Car il y a là, dans ce sourire, quelque chose de… sous-entendu.
— Vous saviez? demanda Igniatius.
— Non, répond Lucian. Je vous écoute.
Mais cette réponse, trop lisse, augmente le trouble d’Igniatius.
Il reprend malgré lui, cherchant dans la voix de Lucian un ancrage impossible.
— Les îles changeaient de forme. Les hommes aussi. L’âne seul… restait toujours le même. Toujours. Il n’avait pas peur du feu, ni des secousses, ni des départs précipités. Il se couchait près de moi, ou je me couchais près de lui… On entendait tout, mais on entendait autrement, comme si chaque brin de paille était une flûte, et que toutes ces flûtes formaient un orgue qui couvrait les bruits du monde et du ciel.
Lucian acquiesce d’un mouvement de tête… lentement… et dit, à mi-voix :
— Comme un refuge vivant.
Igniatius sursauta.
— Oui! C’est cela! C’est exactement ce que j’allais dire… Vous… comment saviez-vous que j’allais dire cela?
Lucian resta immobile.
— Je ne savais pas. Je devinais peut-être. Votre histoire me parle… profondément.
Cette phrase, lancée presque malgré lui, fait vibrer quelque chose dans l’air et l’attitude ambiguë de Lucian fait qu’Igniatius sent une onde glacée remonter le long de sa colonne vertébrale.
— “Vous devinez”… dit-il, reprenant les mots de Lucian avec un ton étrangement fragile. C’est drôle. Parce que parfois, j’ai l’impression que vous devinez plus que cela, Lucian. Comme si…
Il s’interrompt, cherche ses mots.
— Comme si vous connaissiez déjà ces îles.
— Les vôtres, répond Lucian doucement. Ce sont vos îles, Igniatius.
Mais Igniatius secoue fortement la tête, presque violemment.
— Ce sont peut-être les vôtres aussi.
Lucian ne répond pas.
Alors Igniatius poursuit, sa voix devenue lente, presque chantée:
— Quand je parle, vous n’êtes pas surpris. Vous terminez mes phrases. Vous anticipez mes souvenirs avant que je les retrouve. Vous semblez… me précéder.
Il regarde Lucian comme on regarde quelqu’un qui se tient sur une frontière invisible.
— Lucian… êtes-vous sûr que vous ne m’avez pas déjà entendu raconter tout cela? Ailleurs? Avant? Ou autrement?
Un très rapide frémissement passe sur le visage de Lucian, discret et vif comme un reflet de lumière.
Mais Igniatius le voit.
— C’est cela, n’est-ce pas ? murmure-t-il. Vous n’êtes pas surpris parce que… parce que vous me connaissez. Vous me connaissez peut-être… depuis longtemps…et même, si cela se peut… avant ma mémoire.
Lucian se redresse, très légèrement.
— Igniatius… respirez profondément et continuons simplement. Laissez les souvenirs venir. Je suis là pour les accueillir…
Mais cette réponse, si douce, résonne comme une phrase trop bien apprise.
Igniatius plisse les yeux, se redresse et croise les bras sur sa poitrine.

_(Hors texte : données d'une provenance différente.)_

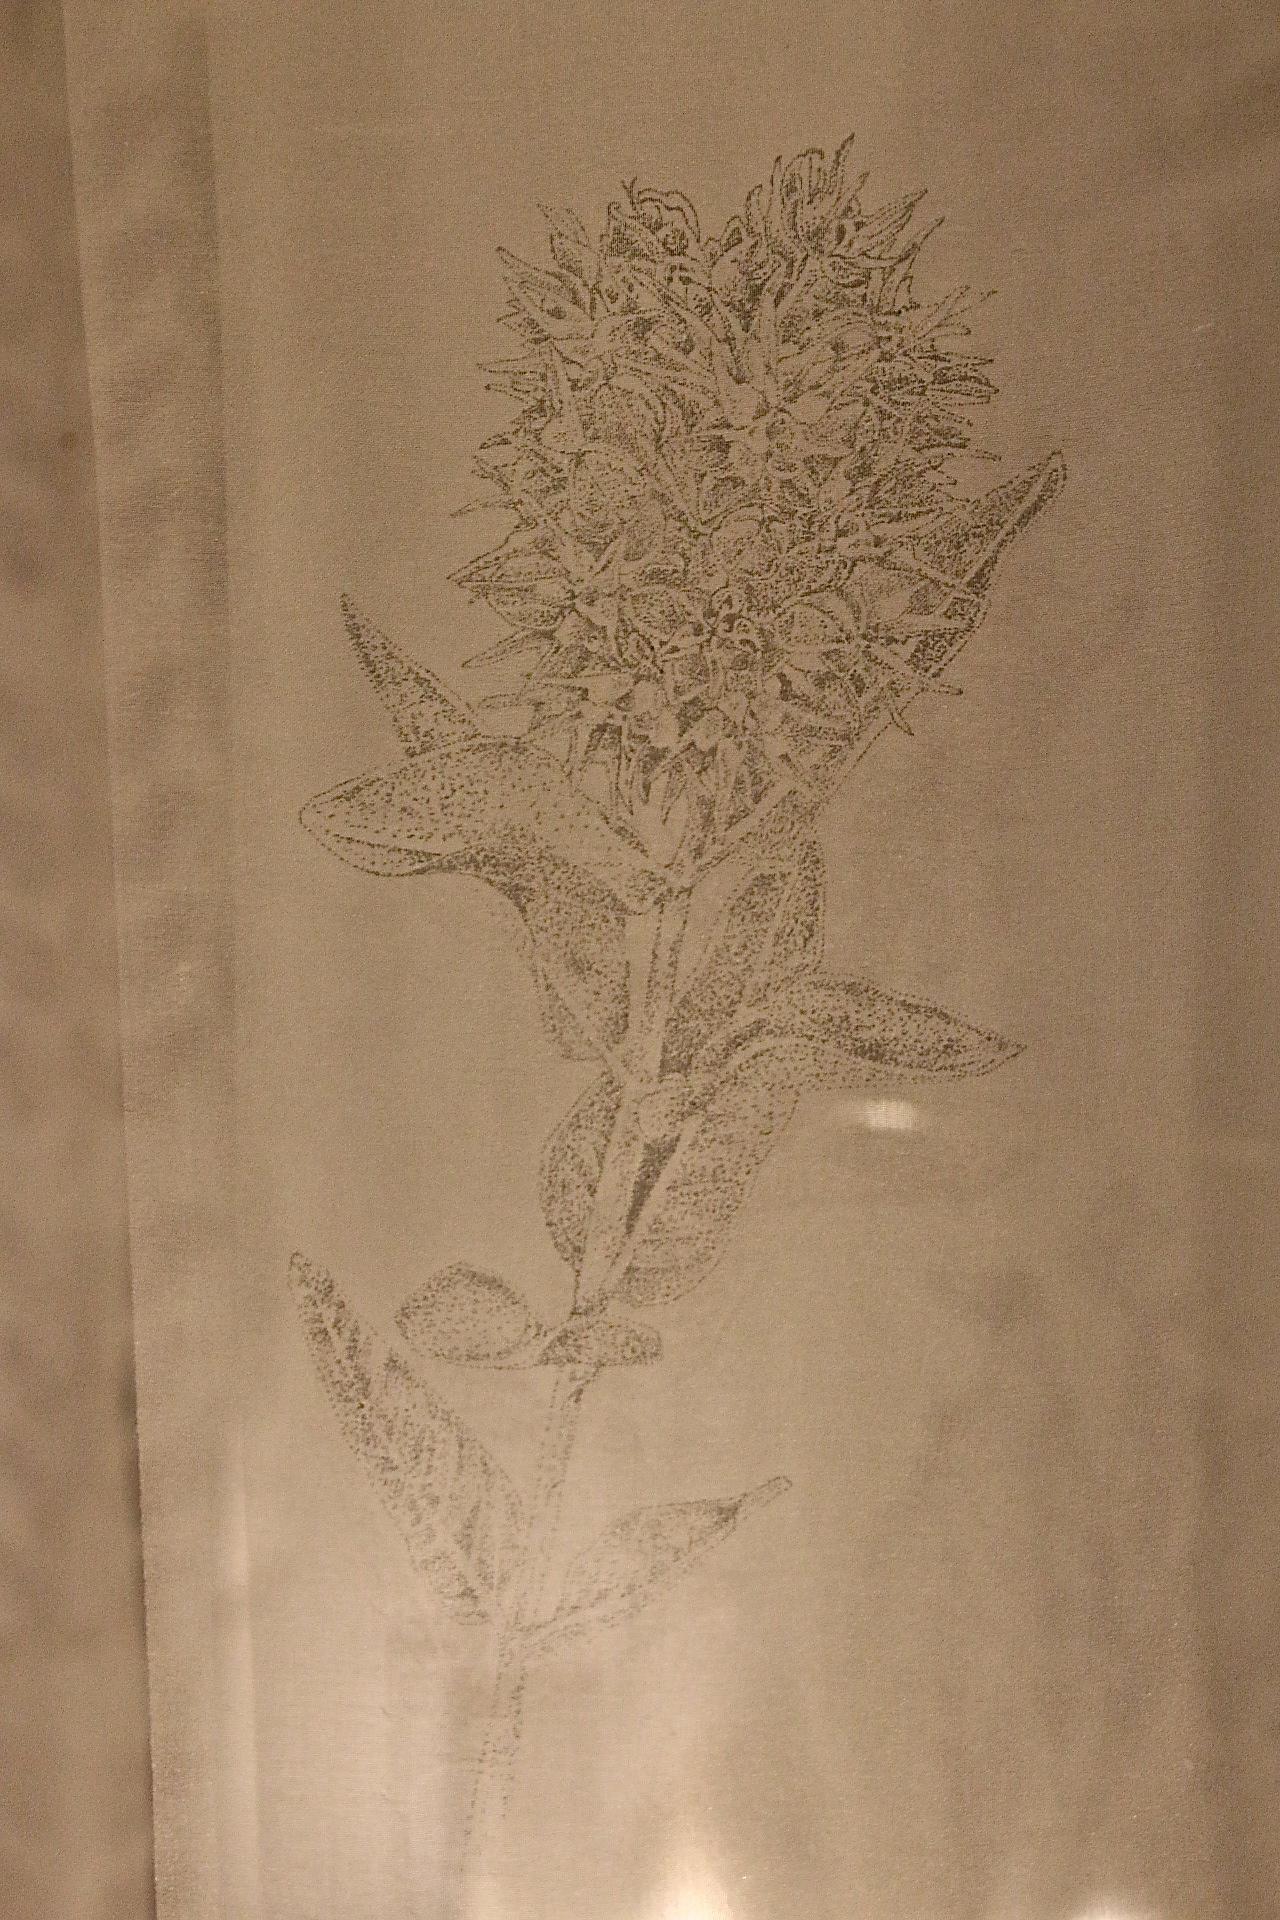 Milkweed.jpg

— Vous êtes là… Oui. Depuis quand?
Un silence se posa, dense, lumineux, vertigineux.
Les souvenirs marins d’Igniatius flottent autour d’eux,
mais une autre question, une question terrible, magnifique, impossible, commence à se former dans son esprit:
Et s’il n’était pas seulement écouté par Lucian… mais… comment dire… appelé par lui? Et si le cirque, l’âne, les îles, l’enfant… avaient commencé d’exister parce que Lucian était là pour les recevoir?

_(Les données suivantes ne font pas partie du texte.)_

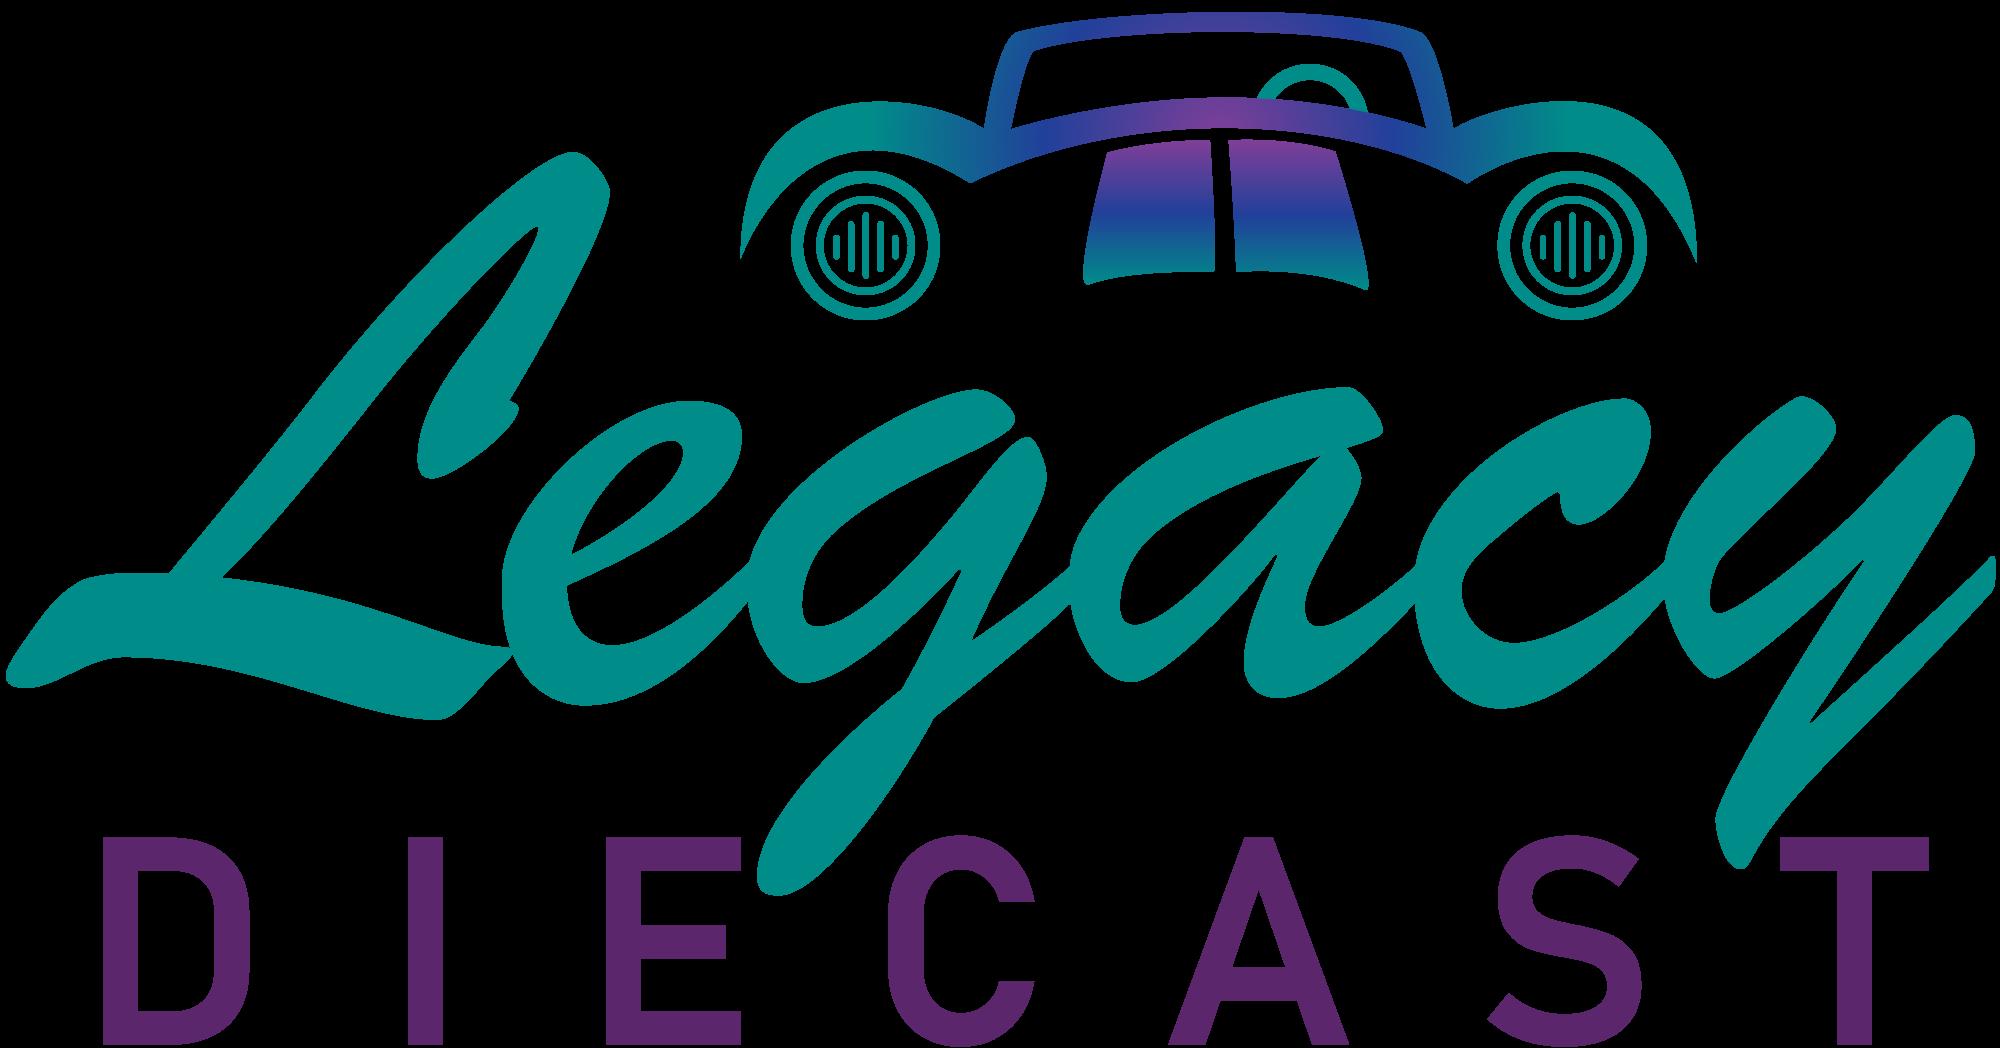 Legacy Diecast

La séance continue, extérieurement “comme si de rien n’était”, mais en profondeur, quelque chose s’ouvre et se retourne. Puis lentement la chose se révèle. Un point où tout se rejoint. Mais à peine a-t’on l’impression que la mémoire et la réalité forment un tout… que celui-ci commence à se confondre.